Personally I’ve found very few nonfiction books which helped me improve and educate myself more than the fiction (almost 80% of my reading list).
Sometimes it just seems there’s a forcefully acquired obsession with nonfiction reading and the misplaced sense of intellectual accomplishment attached (I’d not call it pseudo intellectualism).
I often compare it, in crude ways, with how one picks up smoking in school/college just because the “cool kids” do it too. But then that’s more to fit in I guess, or to fulfil a need to belong.
I was surprised to find friends move quickly from normal (for the lack of proper word) to “need a cig to think” or “.. do X”. Similarly “dude, this [a nonfiction book] got ‘depth’” followed by a couple of “you know”s and subtly accusing fiction of being mere entertainment.
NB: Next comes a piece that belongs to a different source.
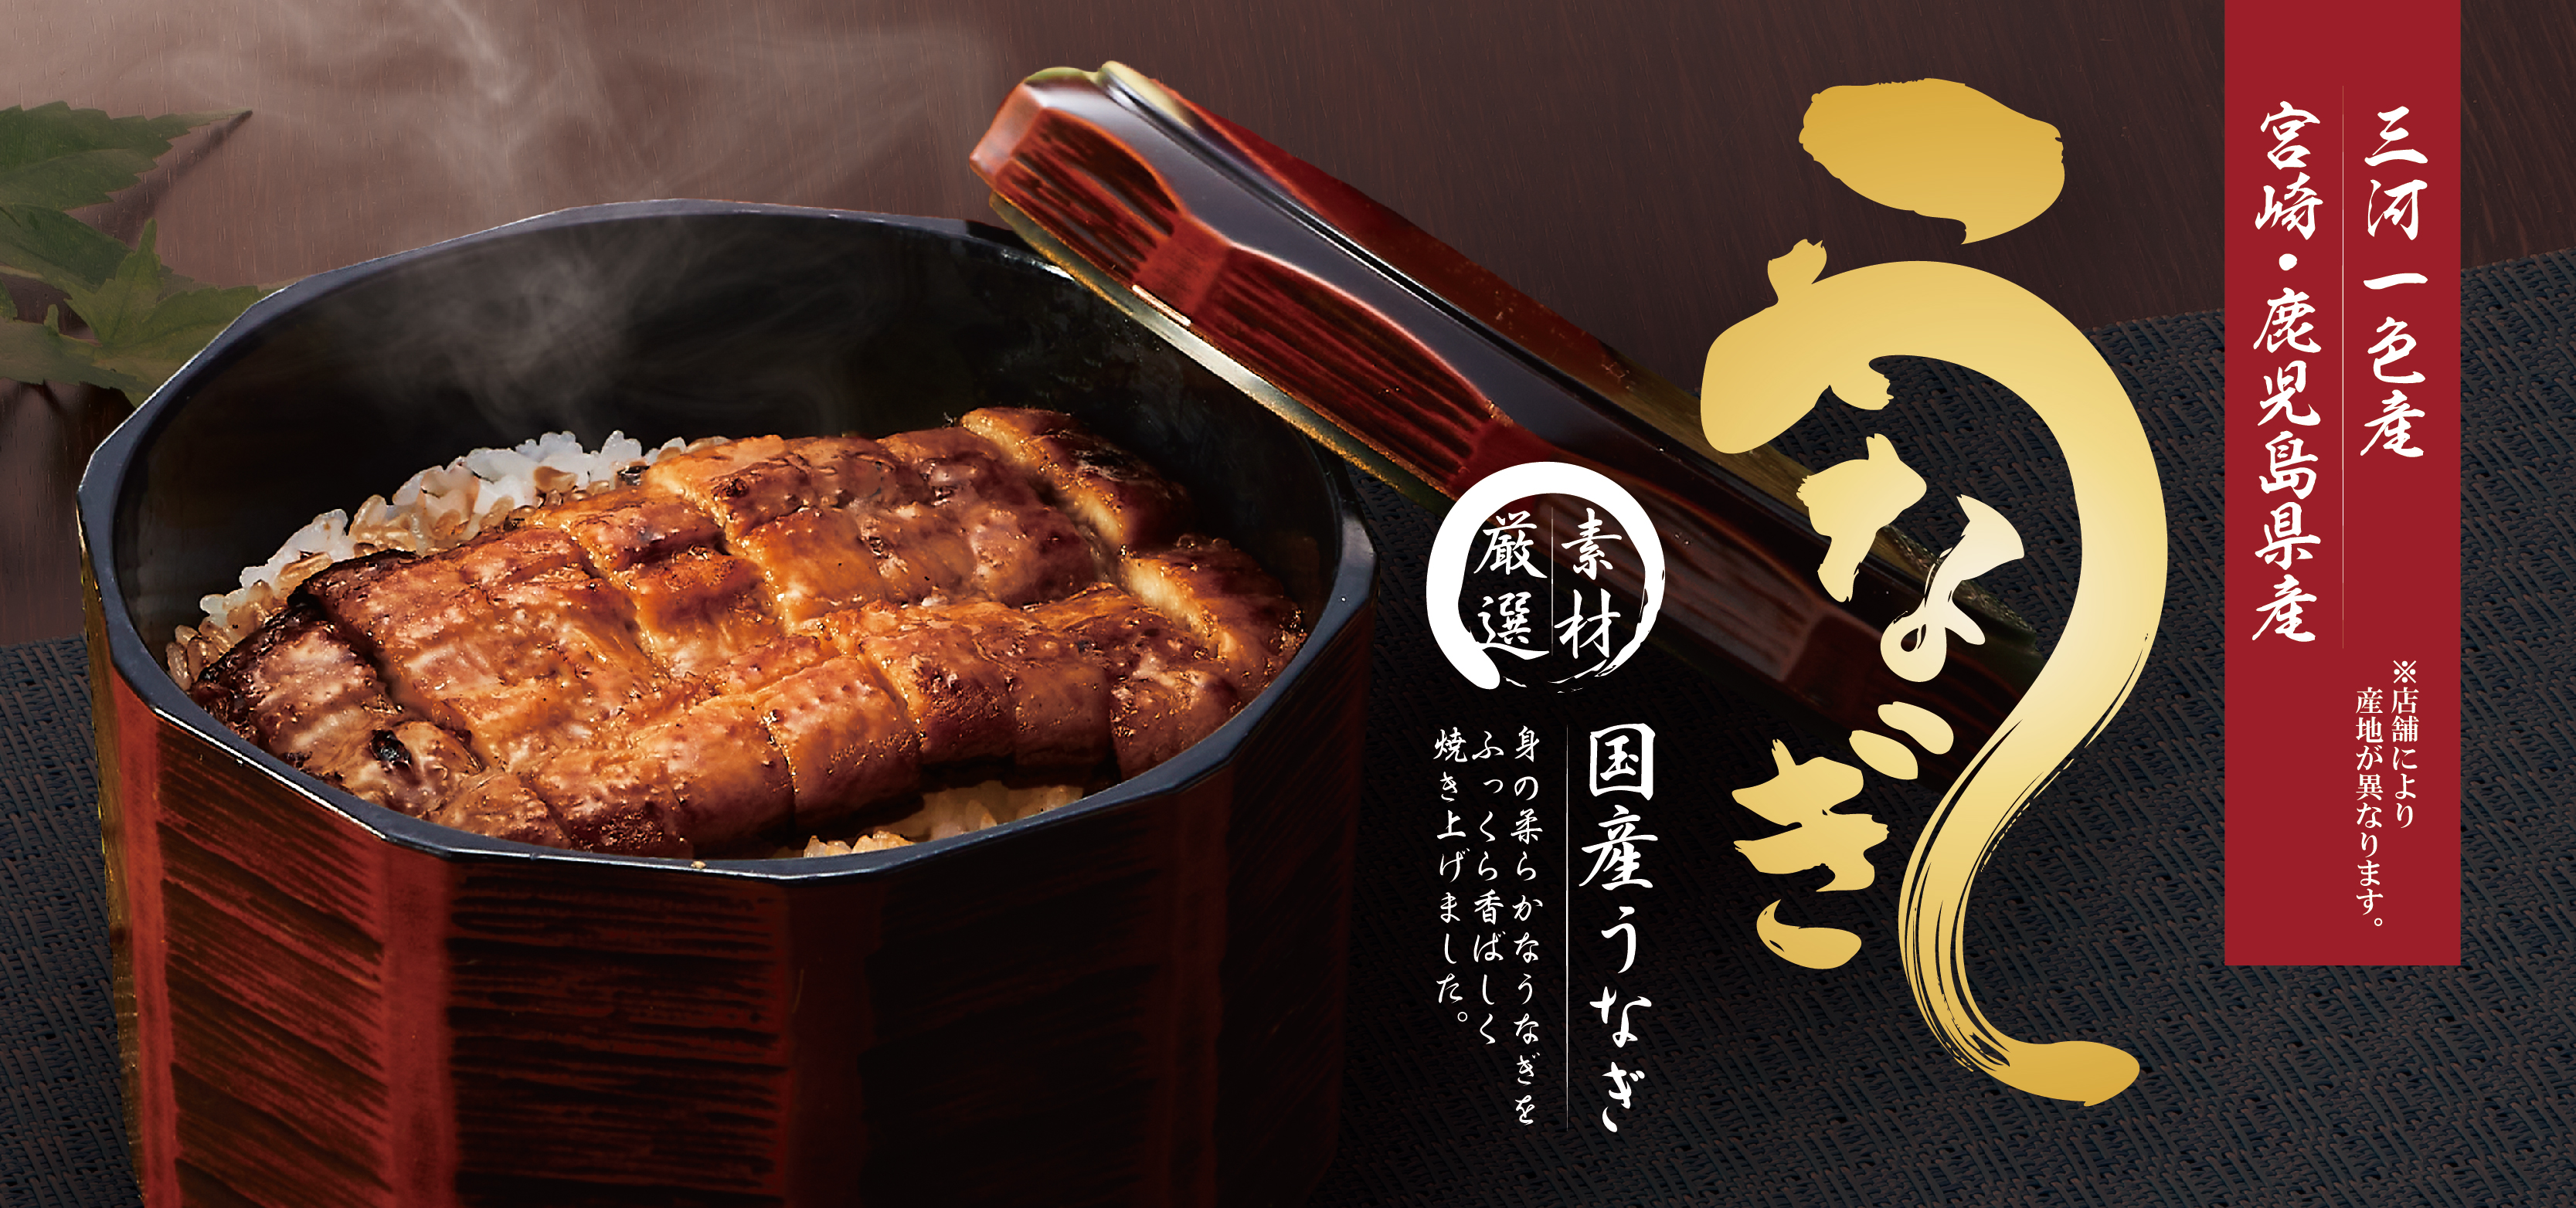 メニュー 和食麺処サガミは和食の原点とも言える蕎麦 みそ煮込 和食を主体とした店舗を東海地区に展開

PS. I’d love to know whether there’s been work done on relating preference of self help books with isolation, loneliness, being introverted, reclusiveness, lack of knowledge of a broader spectrum of issues (or exposure to a diverse social circle, if any at all) but having developed a very sharp analytical and logical thunks in a very narrow manner (usually the related STEM field) and tendency to just fit in everything in those “formulas” etc. I have noticed a lot of these in myself and also observed them dramatically change as my surroundings and circle changed.
They probably make a good fit, especially with how tech people tend to think analytically about things. However, I'm not entirely convinced that self-help books will always work and I've often thought that you can sometimes be over-analytical about things. Also, sometimes you can understand the rational explanation of something, yet that still will not affect the way you respond.